Time for Reflection and Professional Dialogue


‘We need time to think about and talk about our classroom practices, the what and how of what we are doing and why … we need to talk about this with each other’. Elizabeth, a secondary school teacher is speaking.

‘If you are not being reflective, if you are not taking account of the context, you can’t make good decisions’.

‘I don’t mean that teachers should feel guilty about their practice because often its just so hard to find time to stop and reflect’.

Nguyen chipped in, ‘I’m the opposite I want teachers to feel guilty! When you feel guilty it’s because you care and you know there’s more you can do.’

‘But the guilt can have a negative effect’, says Elizabeth, ‘it’s sometimes OK for the teacher to offer less than their best and, the teacher should not feel guilty about this. It’s a big job. Some days I’m just tired … . I think we need to accept that we are human’.

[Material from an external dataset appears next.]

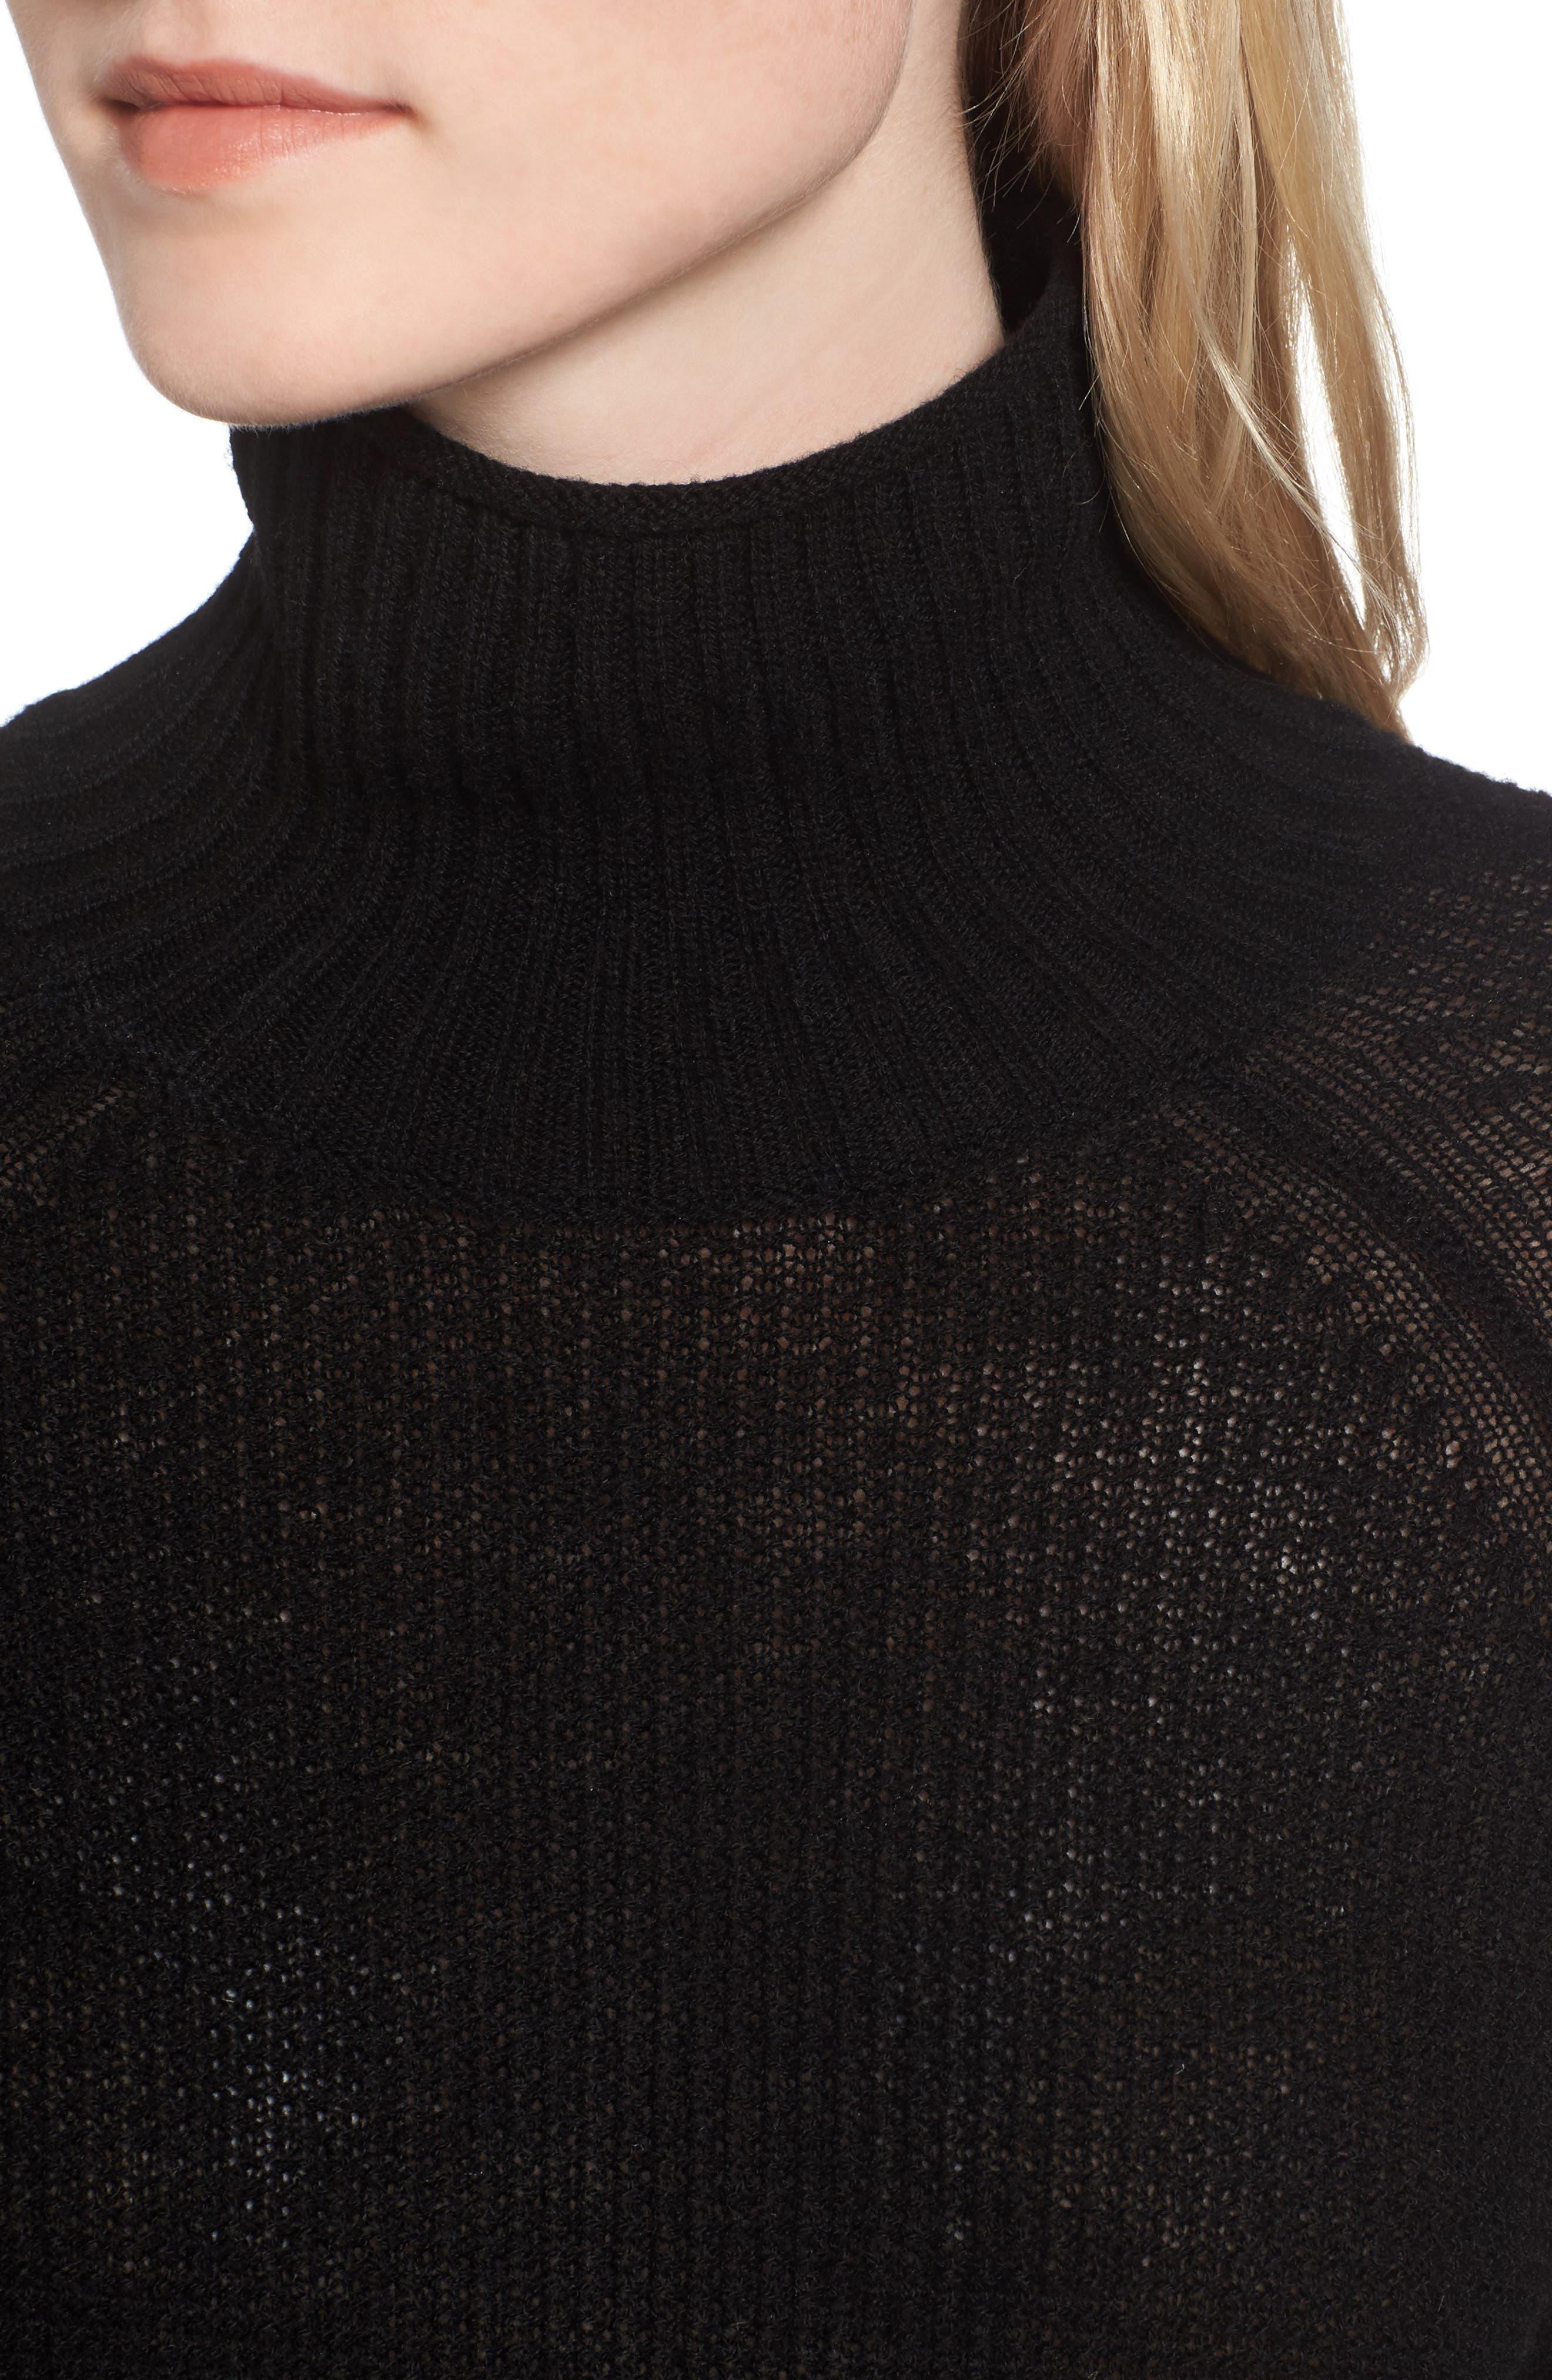 Jenni Turtleneck Sweater,                             Alternate thumbnail 4, color,                             001

‘Can we ever have a time that is not a teaching time … a time to refresh where nothing is expected?’.

‘We need more non-contact time to allow for discussion and reflection between teaching. We need that reflection time … to think about the fluid things, the things that we do that we do not value … the things that we do that we don’t consciously know we are doing but we are.’


Burrows, Peter, Bill Cope, Mary Kalantzis, Les Morgan, Kieju Suominen and Nicola Yelland. 2006. Data from the Australian Research Council Learning By Design Project. ‘Unpublished Manuscript‘.